Quetzal Macaw and his elite force of Maya warriors imposed themselves on a local population already living in the Copán valley. These original people may have been Chibchan-language speakers related to those in Mosquitia. Archaeological work at Copán suggests that after Macaw’s conquest it was a multiethnic city. Some neighborhoods at Copán had metates decorated with animal heads like those found in Mosquitia. Macaw married a Copán woman, probably the daughter of a local lord, no doubt to secure his legitimacy and form an alliance with the local nobility, just as European kings once did.
Copán is as far south as the Maya appear to have reached. Perhaps they were stymied by forbidding mountains and jungle. Perhaps they met resistance. As a result, even after the Maya invasion of Copán in the fifth century, Mosquitia was left to develop on its own. The two civilizations were not, however, isolated from each other. On the contrary, there was probably a vigorous trade between them, and possibly even warfare. From many bragging inscriptions of glorious combat and deeds, we know the Maya city-states were belligerent and engaged in frequent battles with each other and with their neighbors.
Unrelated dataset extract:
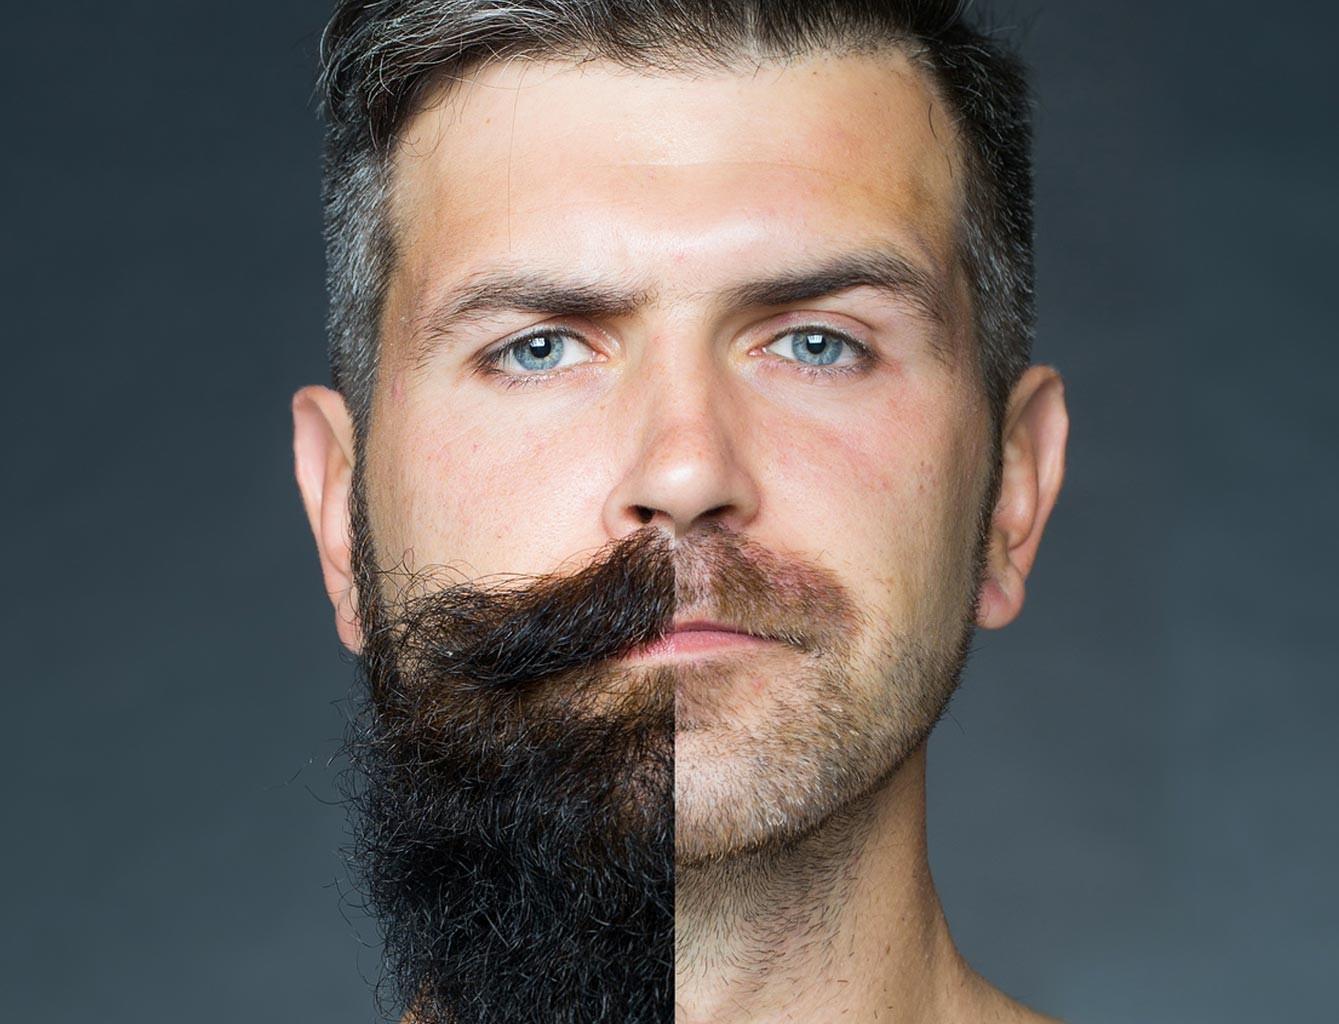 barbe 1 mois aurez vous le courage de la laisser pousser. Black Bedroom Furniture Sets. Home Design Ideas

These conflicts only intensified as the wealth and populations of the Maya city-states increased, swelling their hunger for resources.
In 2000, archaeologists found Quetzal Macaw’s tomb. For centuries, a bend in the Copán River had cut into the central acropolis of the city, and although its course was altered years ago, the old cutbank remained. The erosion had exposed layer upon layer of buildings erected as the city grew. Each main temple at Copán had been built over and around the previous one, creating a series of buildings nested together like Russian matryoshka dolls.
In a feat of clever detective work, archaeologists located the tomb by examining the cutaway embankment and identifying the original floor of the oldest building platform. They then tunneled in from the cutbank, following the floor, until they came to a filled-in staircase that led up into the original temple, which had been covered over by eight subsequent temples. They cleared the staircase and found at the top a sumptuous burial chamber containing the skeleton of a man. He was about five feet six inches tall and between fifty-five and seventy years old. Inscriptions, grave offerings, and other evidence confirmed this was the tomb of Quetzel Macaw.